I just felt like he wasn’t very supportive.
Then baby was born and people made comments when they came over like he didn’t seem very helpful, or he seemed controlling (he’d say to me oh she needs her nappy done, or id be up and down hosting people while he sat holding the baby) i did everything again I’d make an excuse like it’s his first baby etc… now 11 months down the line he does do more - I still do majority but in mum that’s my roll right? We’ve had lots of arguments - he was living with me but I was paying all the bills .. he’d borrow money off me until his payday and then make out he was doing me a favour when he paid me back.

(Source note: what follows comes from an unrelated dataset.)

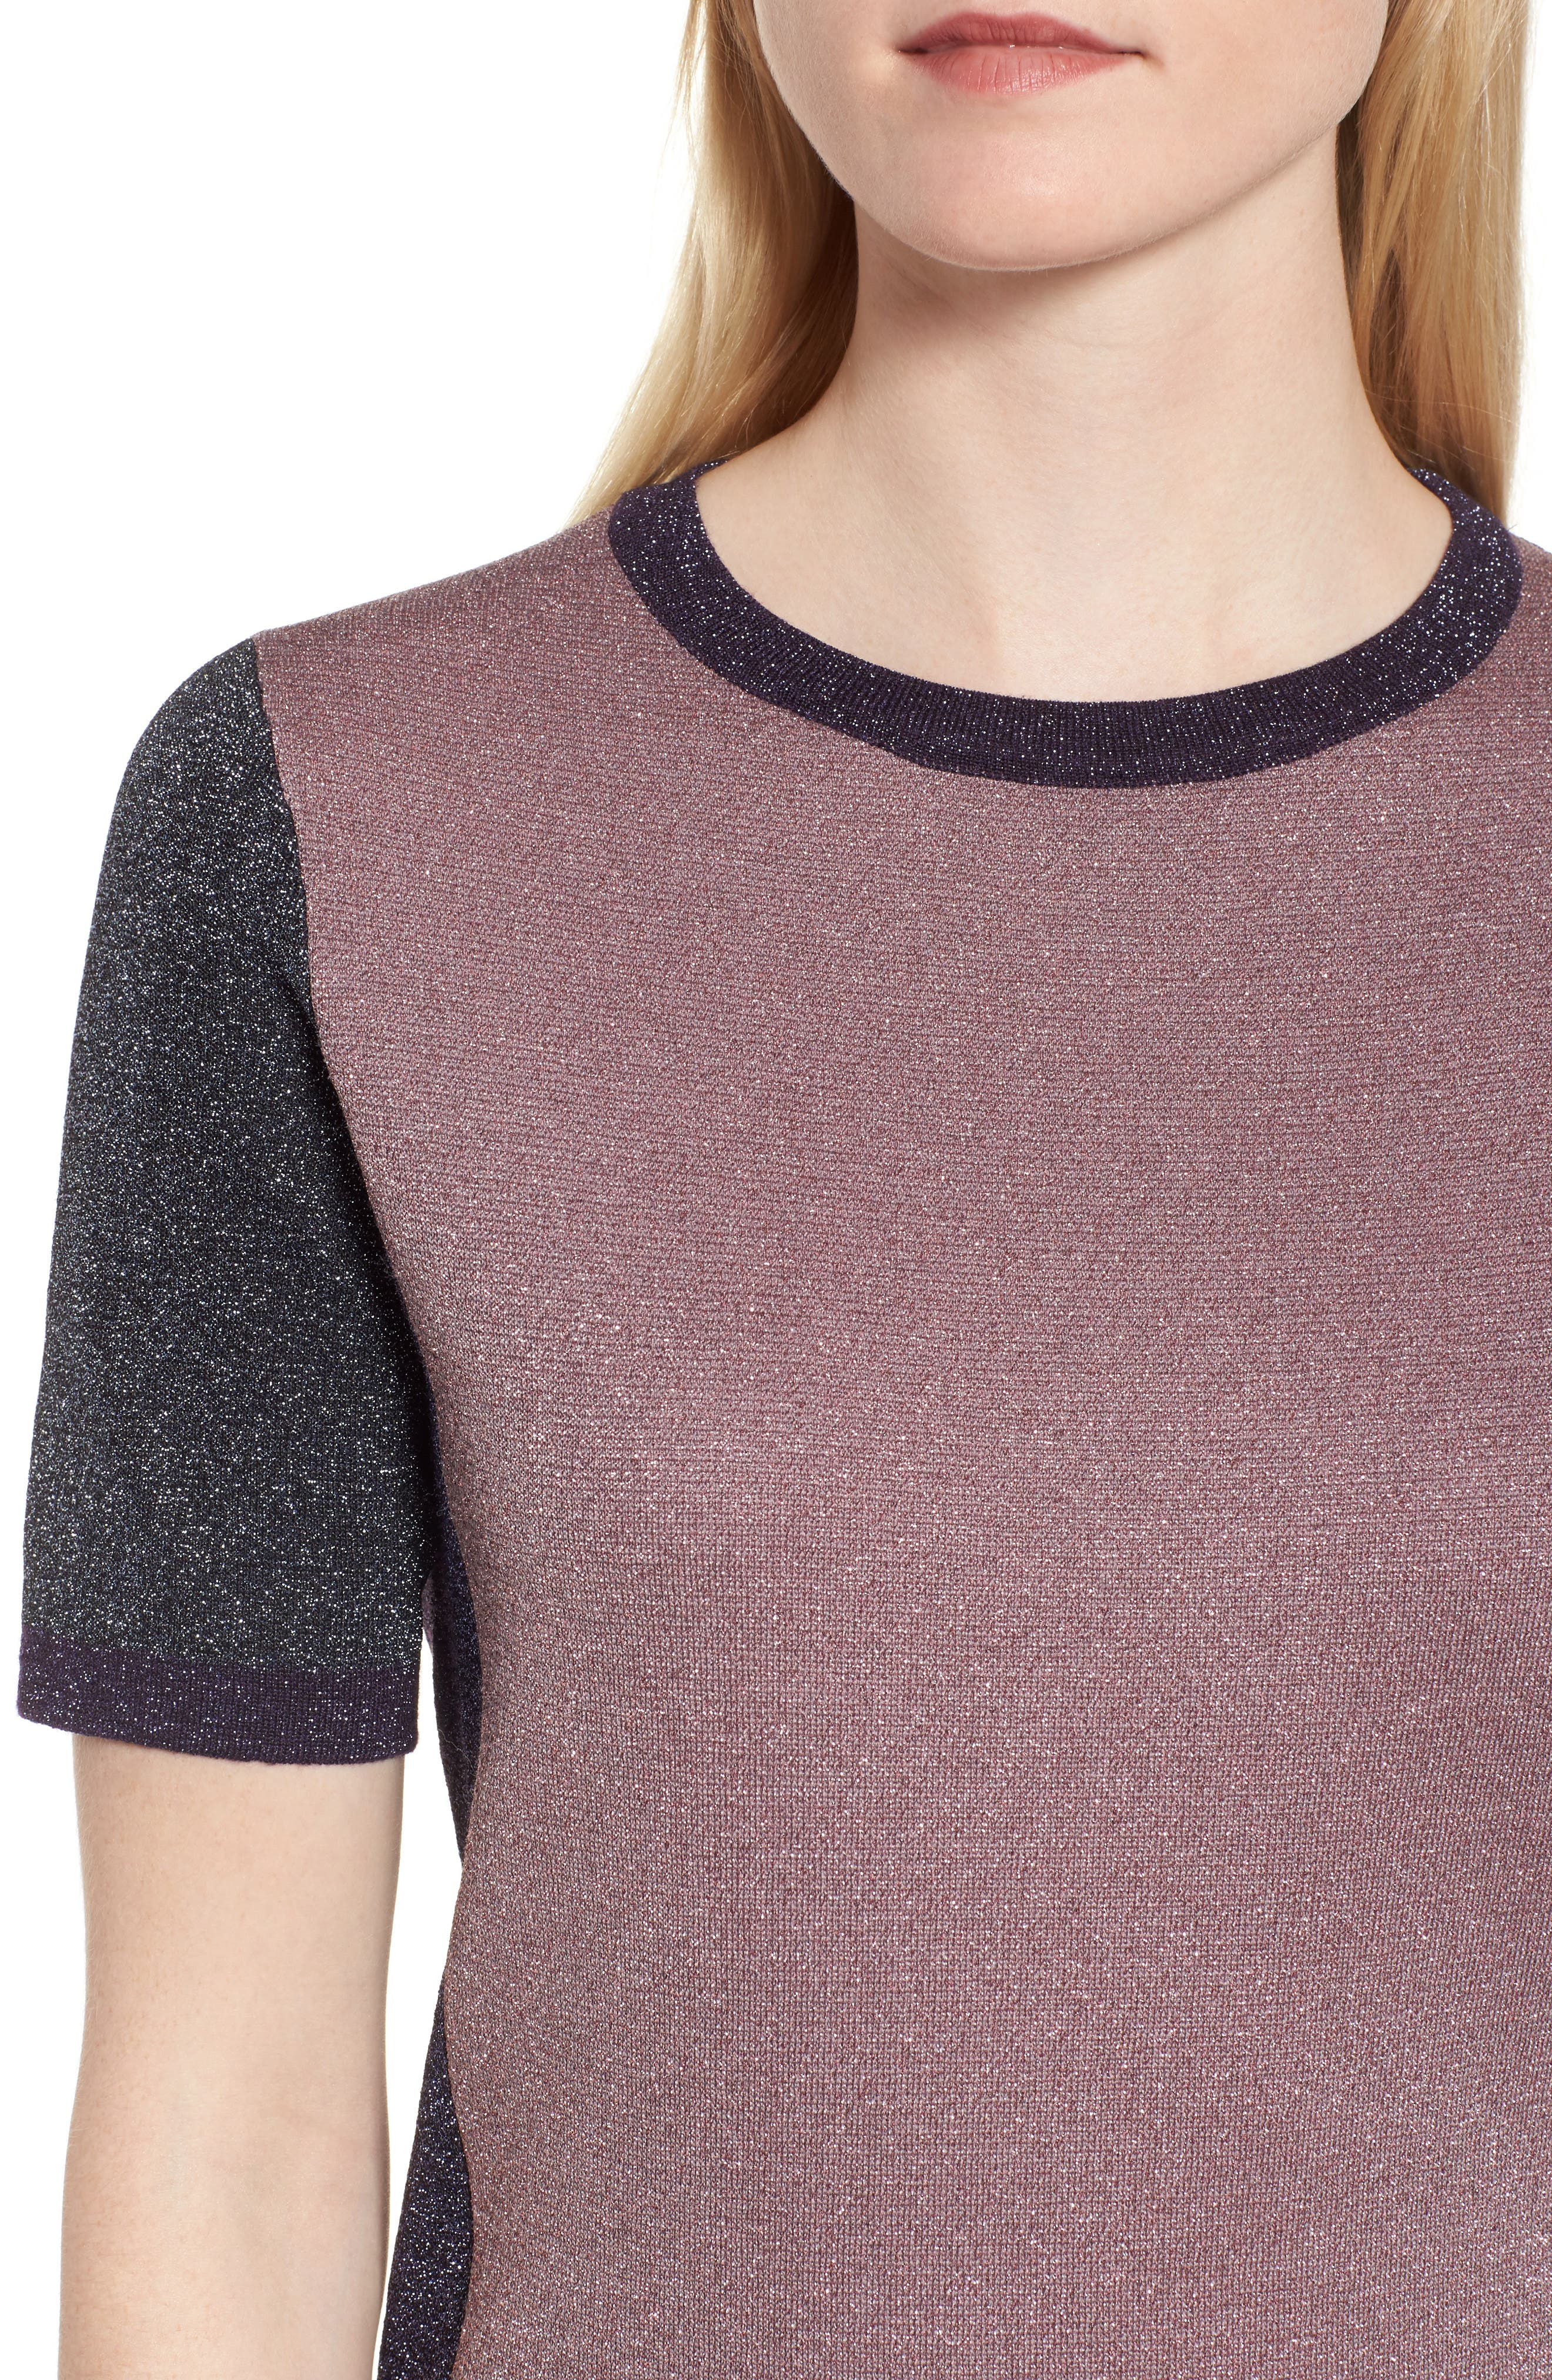 Fifer Sweater,                             Alternate thumbnail 4, color,                             674
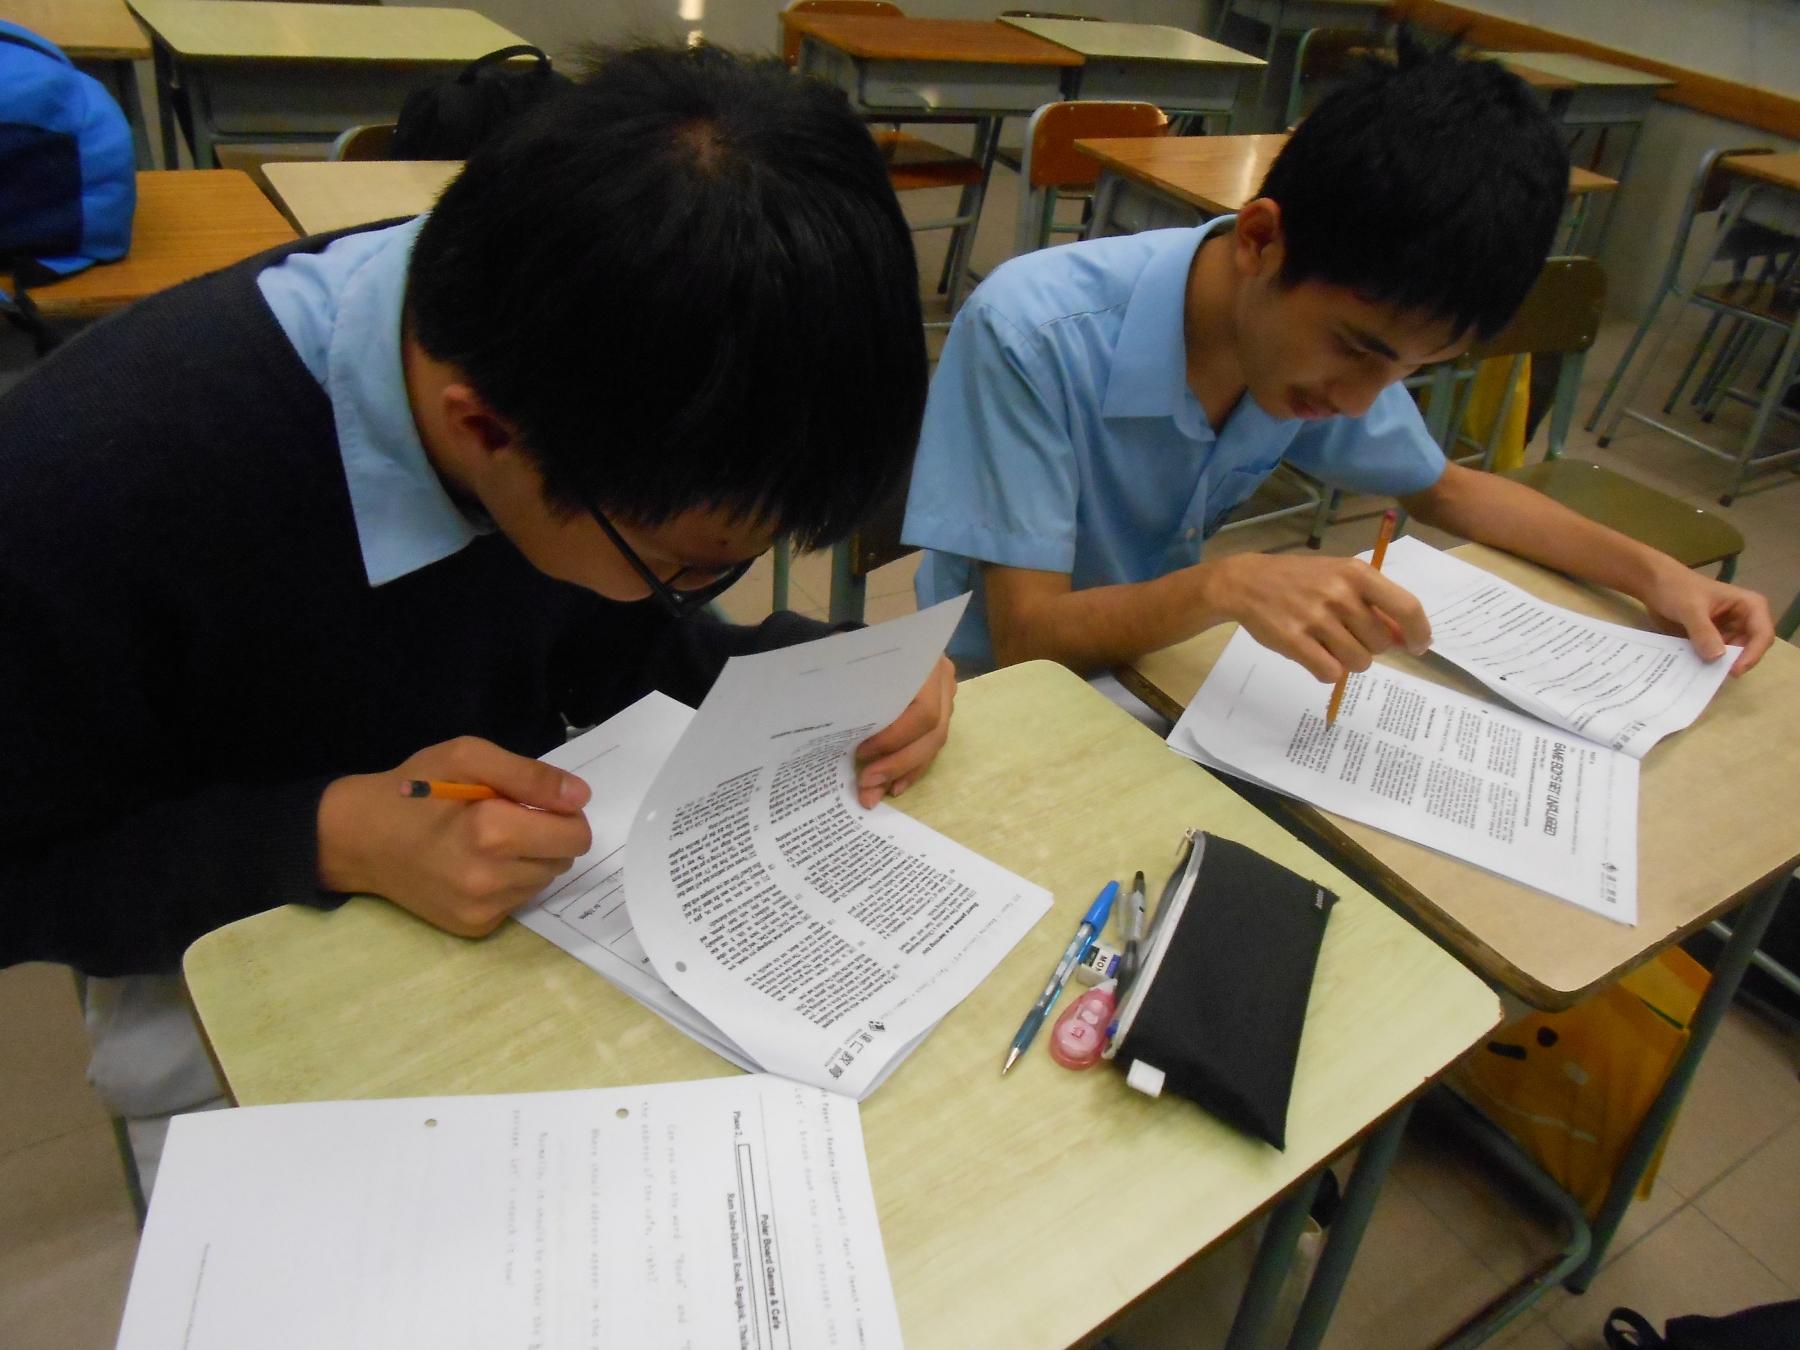 http://npc.edu.hk/sites/default/files/dscn8905.jpg

He doesn’t really have any bills spend his wages on fags, 🍃 sometimes, and just day to day.
I’ve gone back to work baby goes to a nursery and he has her 1 day in the week that he has off.
I dunno I look at the relationship and think what do you offer me? We haven’t had sex since I got pregnant, we’re not affectionate unless it’s a cuddle or a kiss…. And then when I raise this all with him he says he’s trying and he wants his family and that I’m breaking it up etc
Am I stupid or am I being hard on him I can’t work it out my head is a MESS!!